# Instructions to follow
Wherever pictures appear in the listing below, leave them out, and copy exactly, and only, everything from the line with "If we contest" down to the line with "A finely arranged".
------ Source data
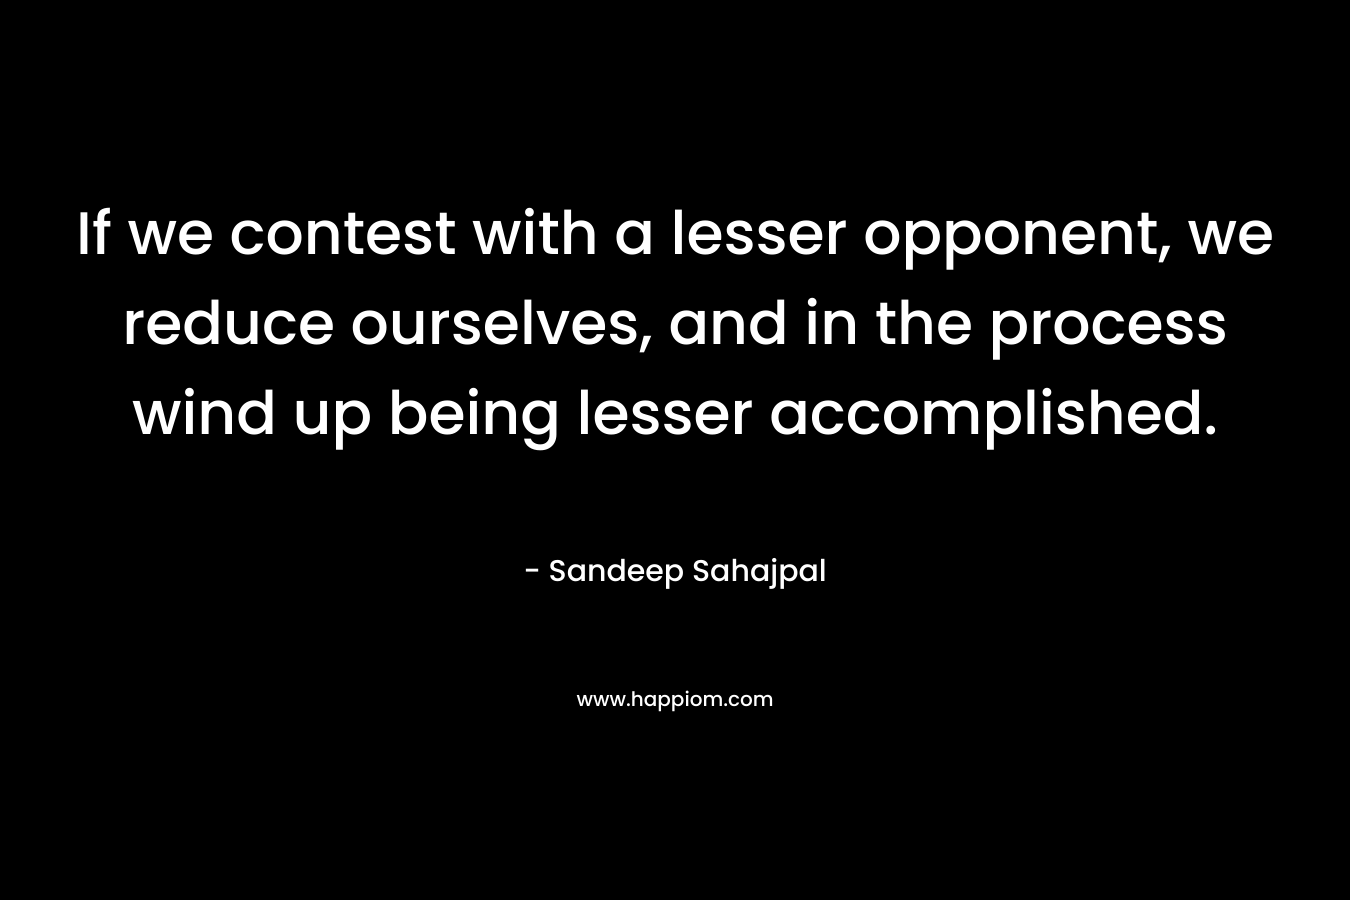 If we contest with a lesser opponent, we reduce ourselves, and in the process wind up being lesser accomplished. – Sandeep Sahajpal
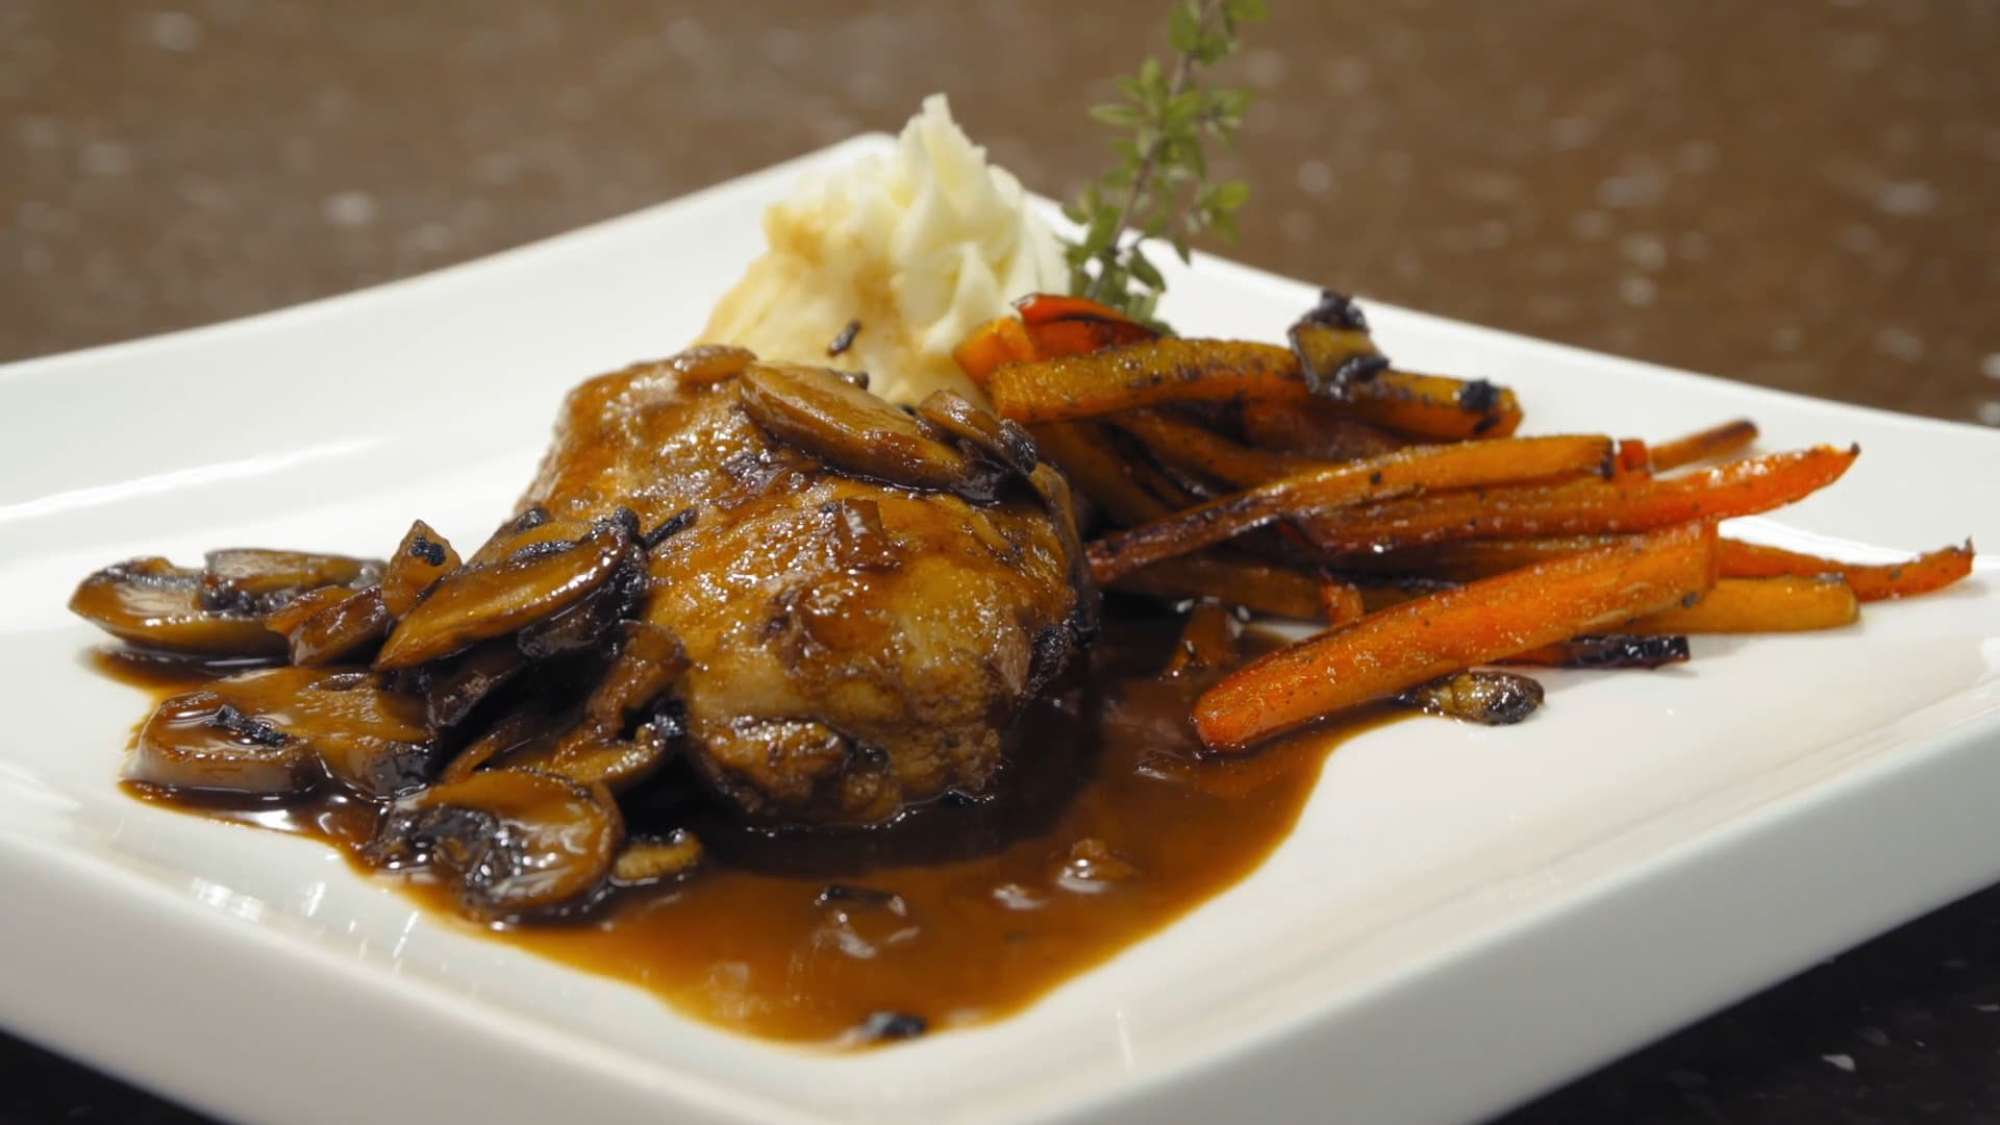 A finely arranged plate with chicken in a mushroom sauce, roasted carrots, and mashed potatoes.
------------
------ Source data
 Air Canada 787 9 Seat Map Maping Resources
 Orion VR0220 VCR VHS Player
------------
# Task solution
 If we contest with a lesser opponent, we reduce ourselves, and in the process wind up being lesser accomplished. – Sandeep Sahajpal
 A finely arranged plate with chicken in a mushroom sauce, roasted carrots, and mashed potatoes.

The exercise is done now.